Towards Unsupervised Validation of Anomaly-Detection Models
Lihi Idan
TL;DR
This work tackles unsupervised validation of anomaly-detection models, focusing on model selection and evaluation without labeled data. It introduces Accurately-Diverse ensembles that balance intra-ensemble agreement on general trends with intra-ensemble disagreement on exact rankings, operationalized through novel multi-way rank correlations and rank-cluster features. The Unsupervised Ensemble Divergence ($\mathcal{UED}$) score is proposed to compare a candidate model against the ensemble in a distance-based, weighted, unsupervised fashion. Empirical results on ten datasets show that Accurately-Diverse ensembles improve over the average unsupervised model and that $\mathcal{UED}$ correlates with supervised evaluation metrics, enabling effective unsupervised model selection and evaluation with practical impact for label-scarce regimes.
Abstract
Unsupervised validation of anomaly-detection models is a highly challenging task. While the common practices for model validation involve a labeled validation set, such validation sets cannot be constructed when the underlying datasets are unlabeled.
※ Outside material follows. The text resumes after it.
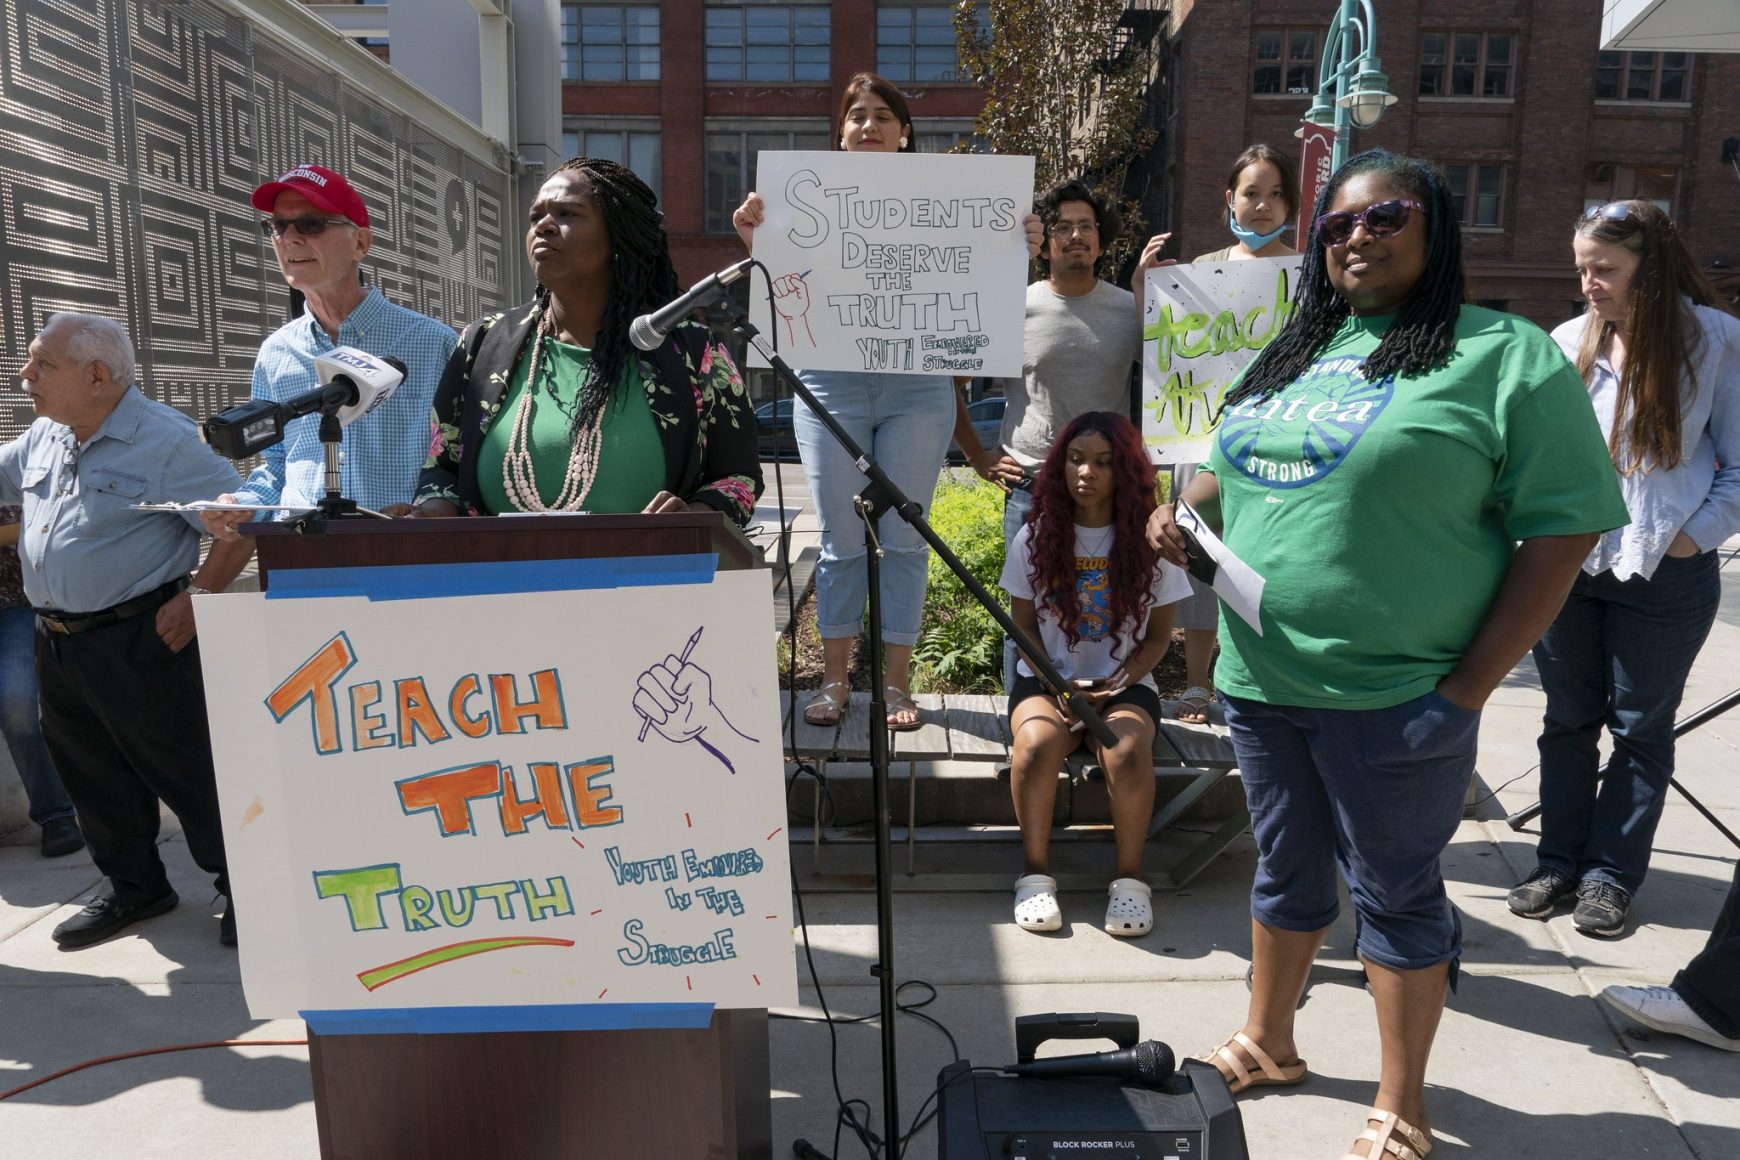 Organized students and teachers at the “Teach the Truth” Rally, some holding signs and one behind a podium

The lack of robust and efficient unsupervised model-validation techniques presents an acute challenge in the implementation of automated anomaly-detection pipelines, especially when there exists no prior knowledge of the model's performance on similar datasets. This work presents a new paradigm to automated validation of anomaly-detection models, inspired by real-world, collaborative decision-making mechanisms. We focus on two commonly-used, unsupervised model-validation tasks -- model selection and model evaluation -- and provide extensive experimental results that demonstrate the accuracy and robustness of our approach on both tasks.